*Exercise*
Repeat the span of the entries below that starts at the line with "Matterhorn Footwear 2019 Catalog" and ends at the line with "1875 c, AUSTRIA", nothing more. Skip the pictures.

*Data section*
- - - - -

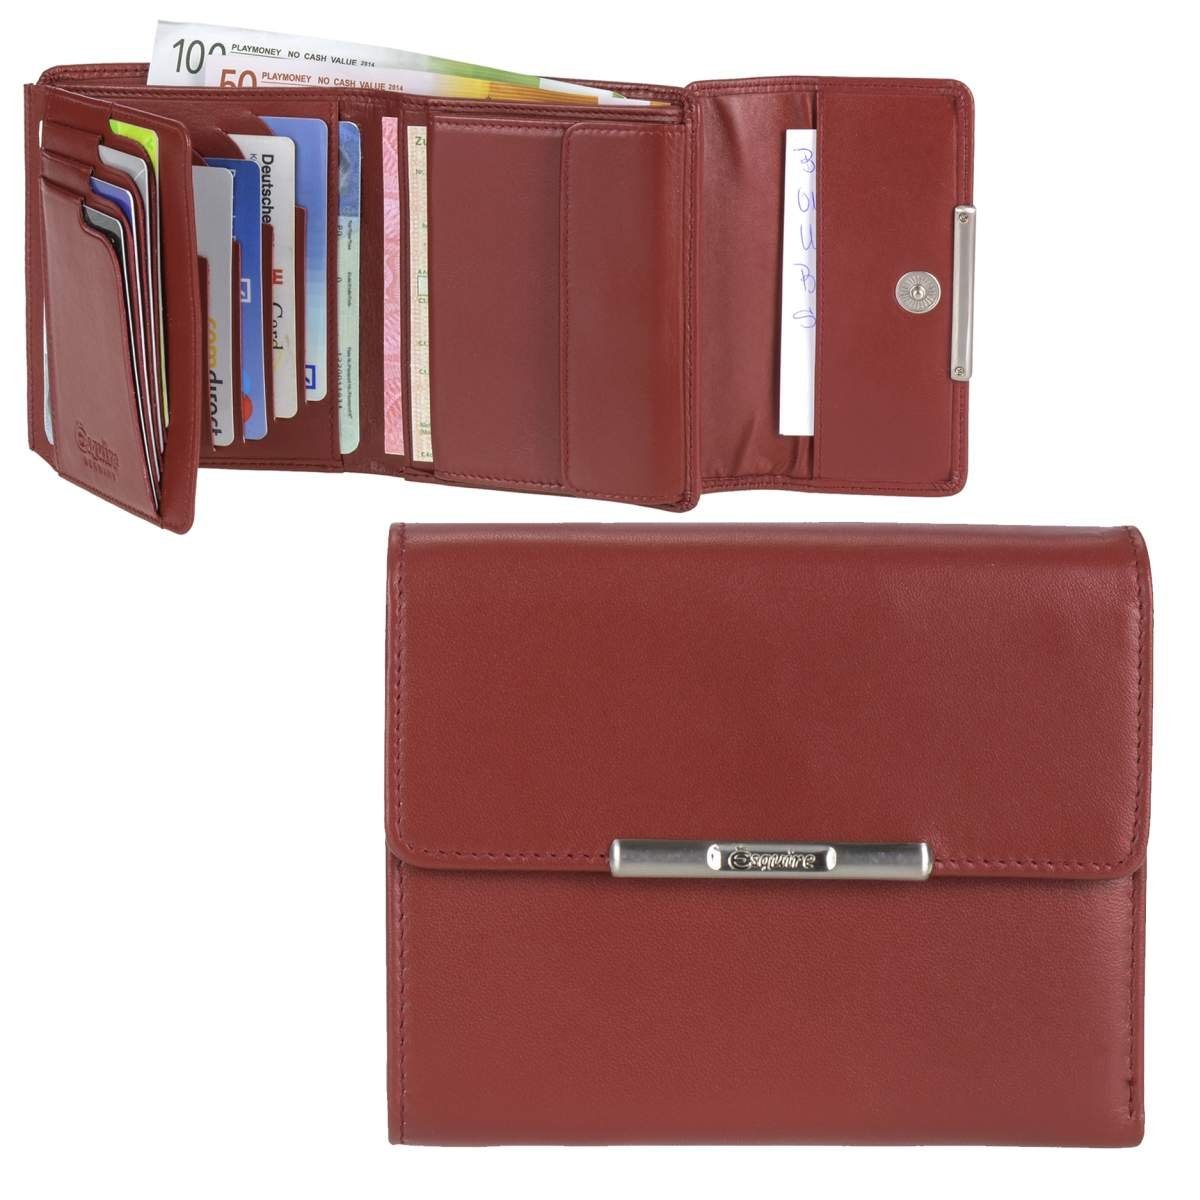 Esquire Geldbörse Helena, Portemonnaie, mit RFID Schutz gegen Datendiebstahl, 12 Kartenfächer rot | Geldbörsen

- - - - -

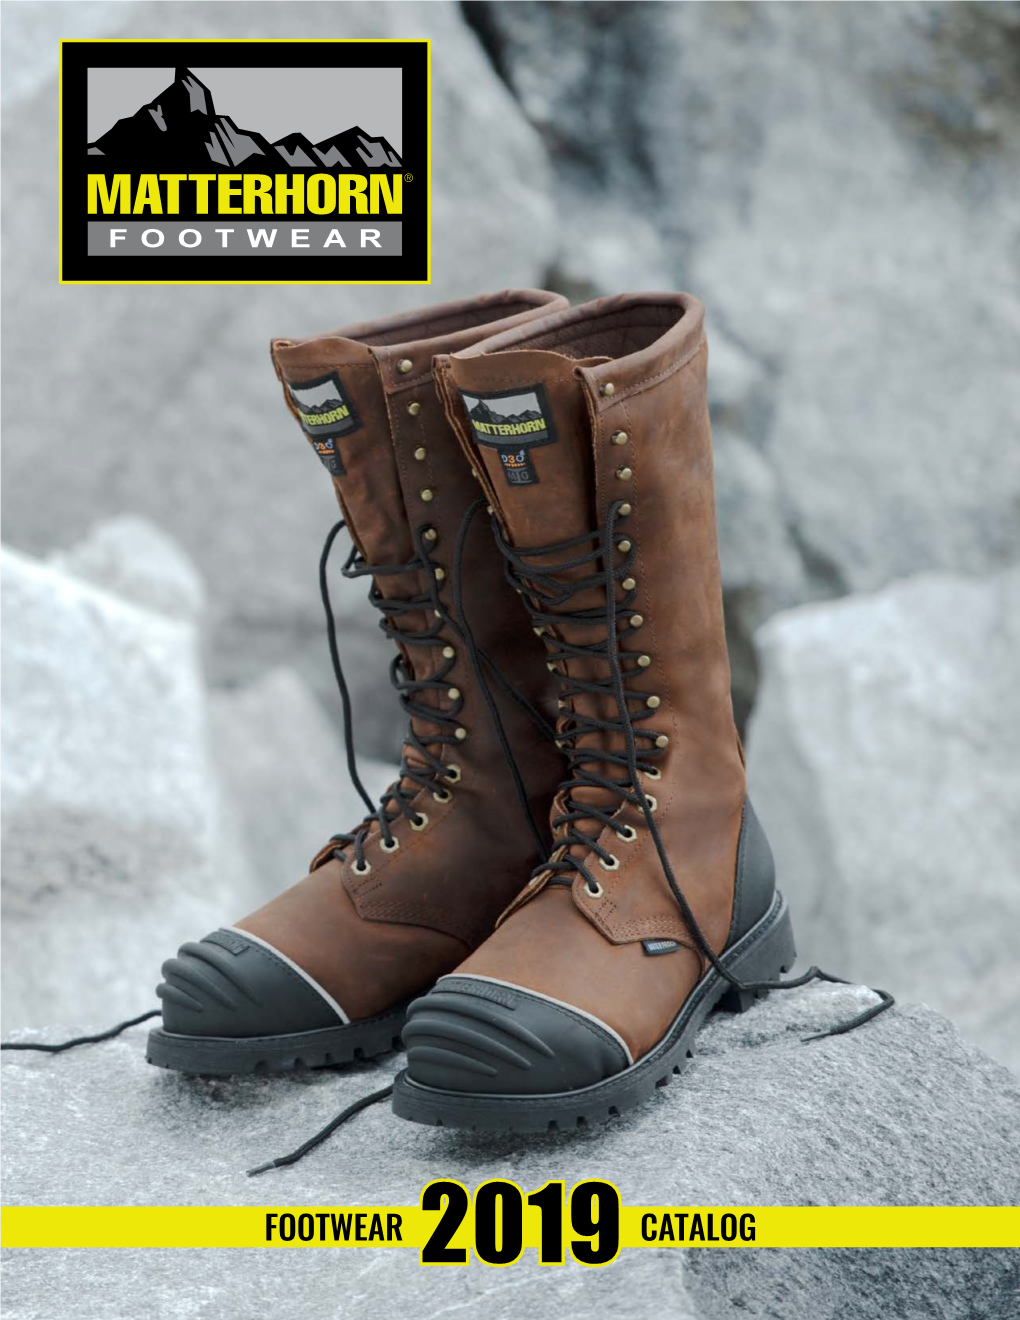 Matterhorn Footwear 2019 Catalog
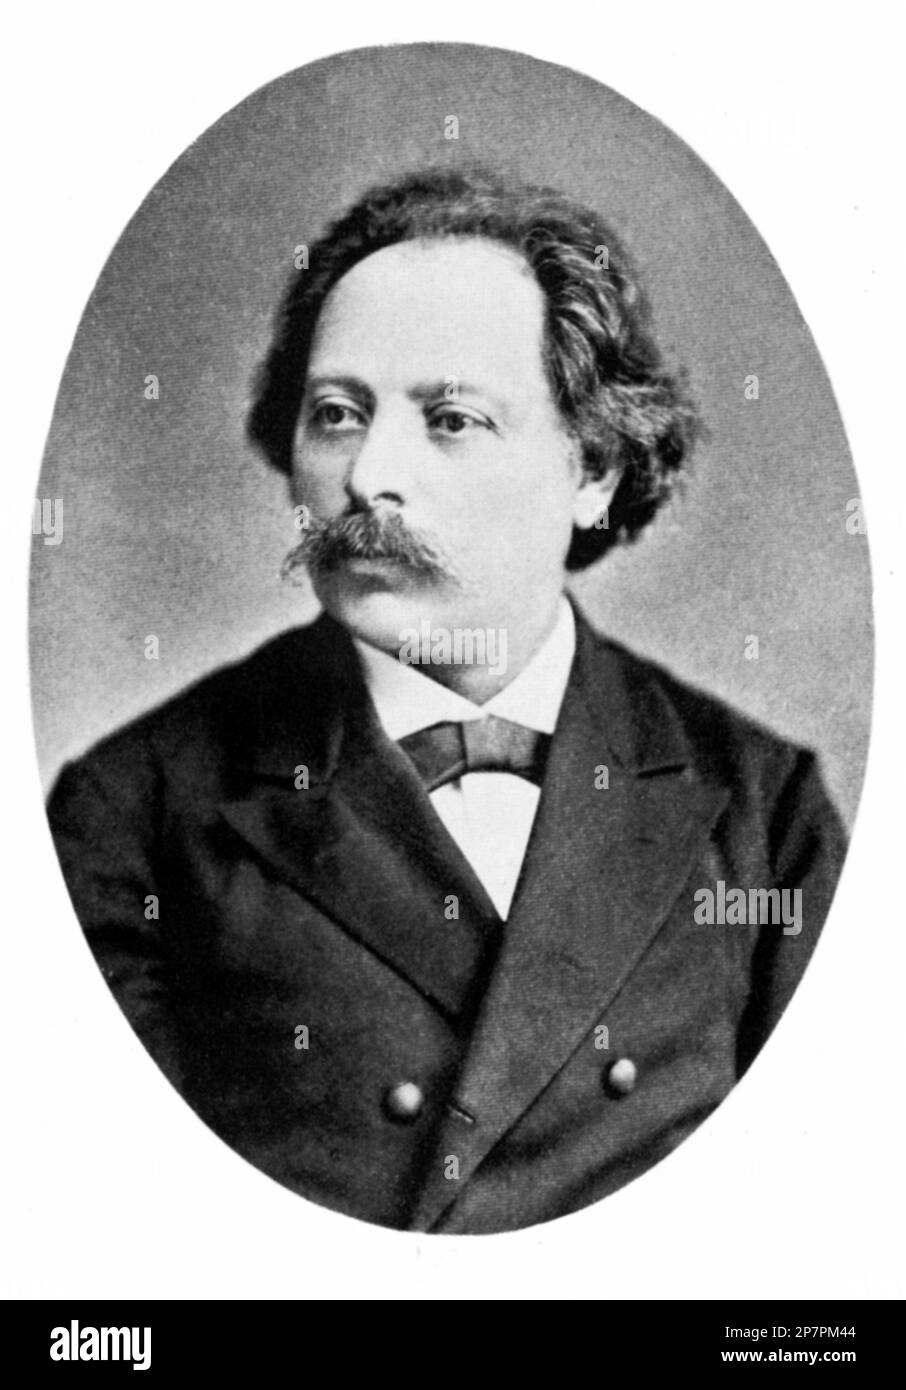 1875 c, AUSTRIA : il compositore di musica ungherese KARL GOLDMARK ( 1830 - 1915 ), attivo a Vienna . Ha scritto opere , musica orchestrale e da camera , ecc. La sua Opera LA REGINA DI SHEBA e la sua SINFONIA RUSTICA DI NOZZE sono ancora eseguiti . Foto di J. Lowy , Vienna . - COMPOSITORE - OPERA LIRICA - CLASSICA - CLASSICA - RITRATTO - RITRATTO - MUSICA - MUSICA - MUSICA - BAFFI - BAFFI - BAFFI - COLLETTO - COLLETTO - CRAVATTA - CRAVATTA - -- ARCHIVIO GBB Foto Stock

- - - - -

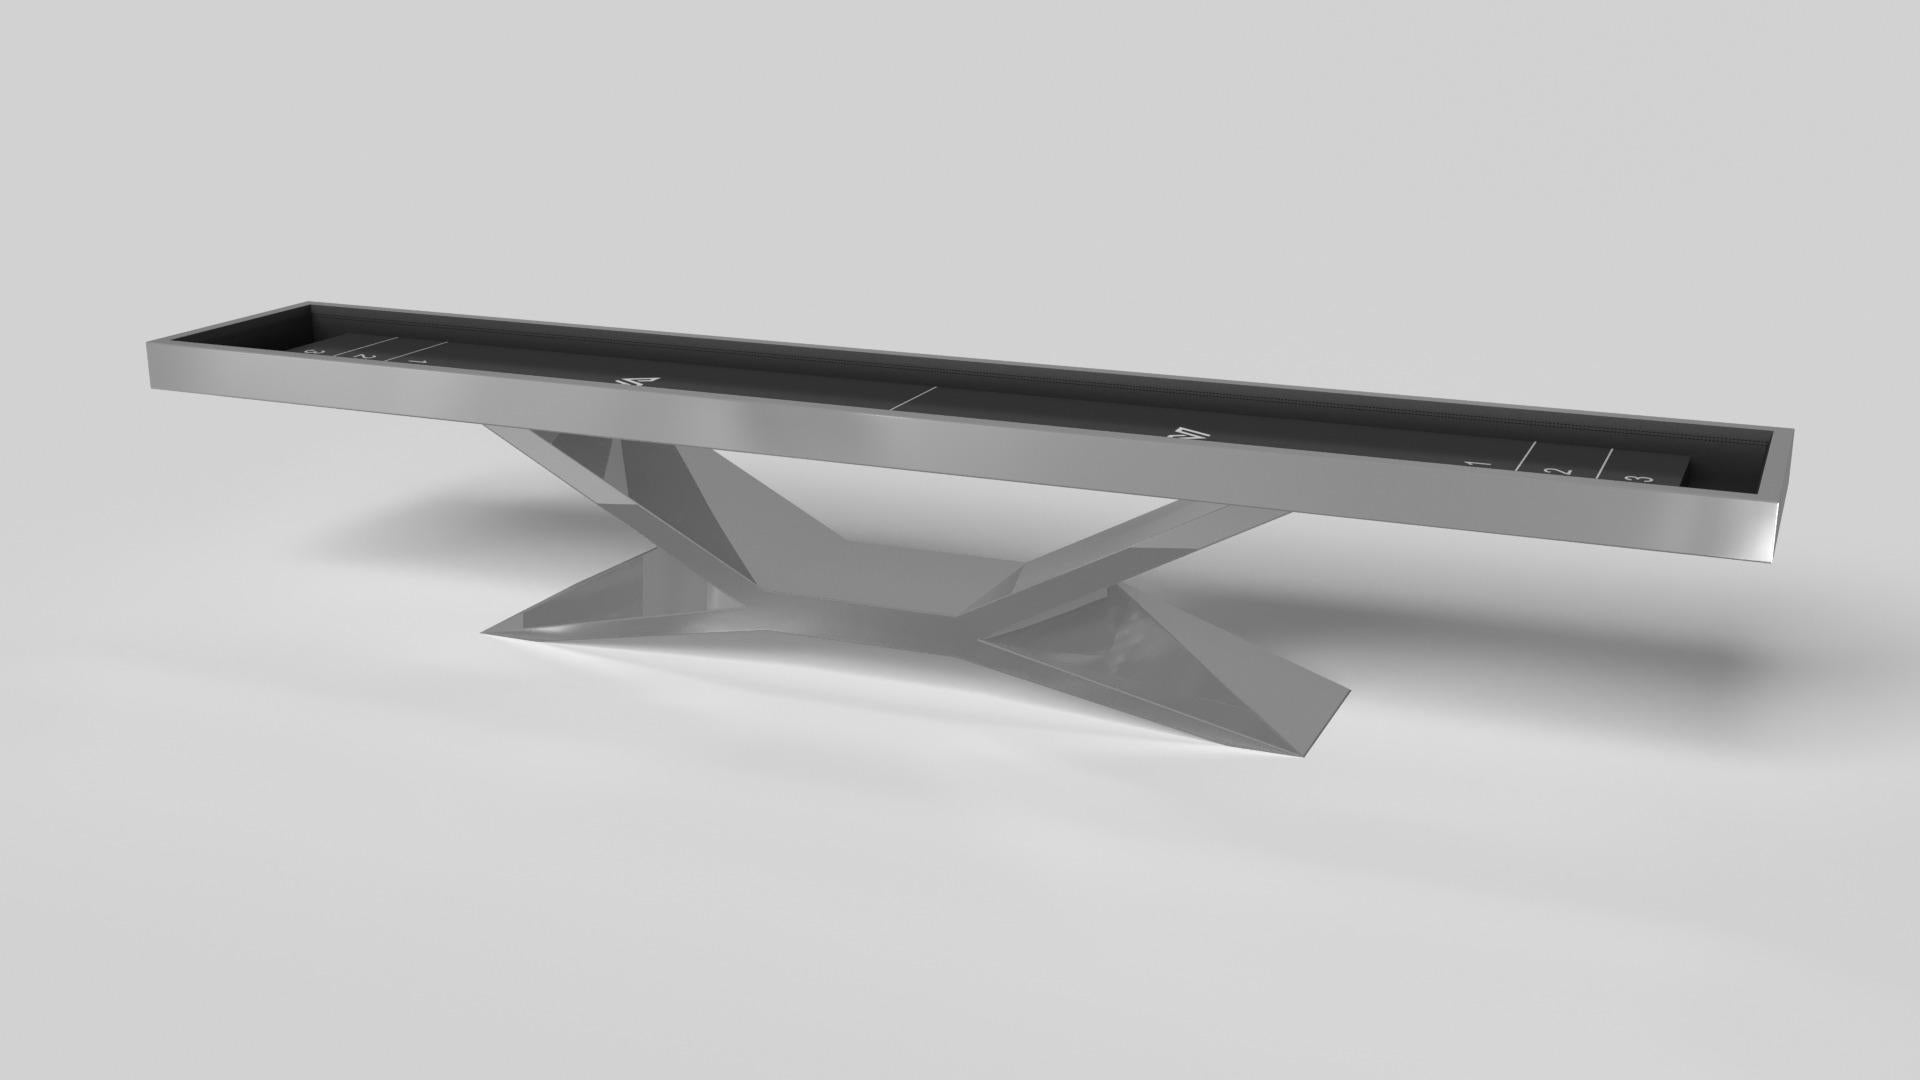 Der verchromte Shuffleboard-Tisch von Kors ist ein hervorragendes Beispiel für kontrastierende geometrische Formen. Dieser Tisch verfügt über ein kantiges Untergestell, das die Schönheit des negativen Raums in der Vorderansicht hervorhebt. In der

- - - - -

*Solution to the exercise*
 Matterhorn Footwear 2019 Catalog
 1875 c, AUSTRIA : il compositore di musica ungherese KARL GOLDMARK ( 1830 - 1915 ), attivo a Vienna . Ha scritto opere , musica orchestrale e da camera , ecc. La sua Opera LA REGINA DI SHEBA e la sua SINFONIA RUSTICA DI NOZZE sono ancora eseguiti . Foto di J. Lowy , Vienna . - COMPOSITORE - OPERA LIRICA - CLASSICA - CLASSICA - RITRATTO - RITRATTO - MUSICA - MUSICA - MUSICA - BAFFI - BAFFI - BAFFI - COLLETTO - COLLETTO - CRAVATTA - CRAVATTA - -- ARCHIVIO GBB Foto Stock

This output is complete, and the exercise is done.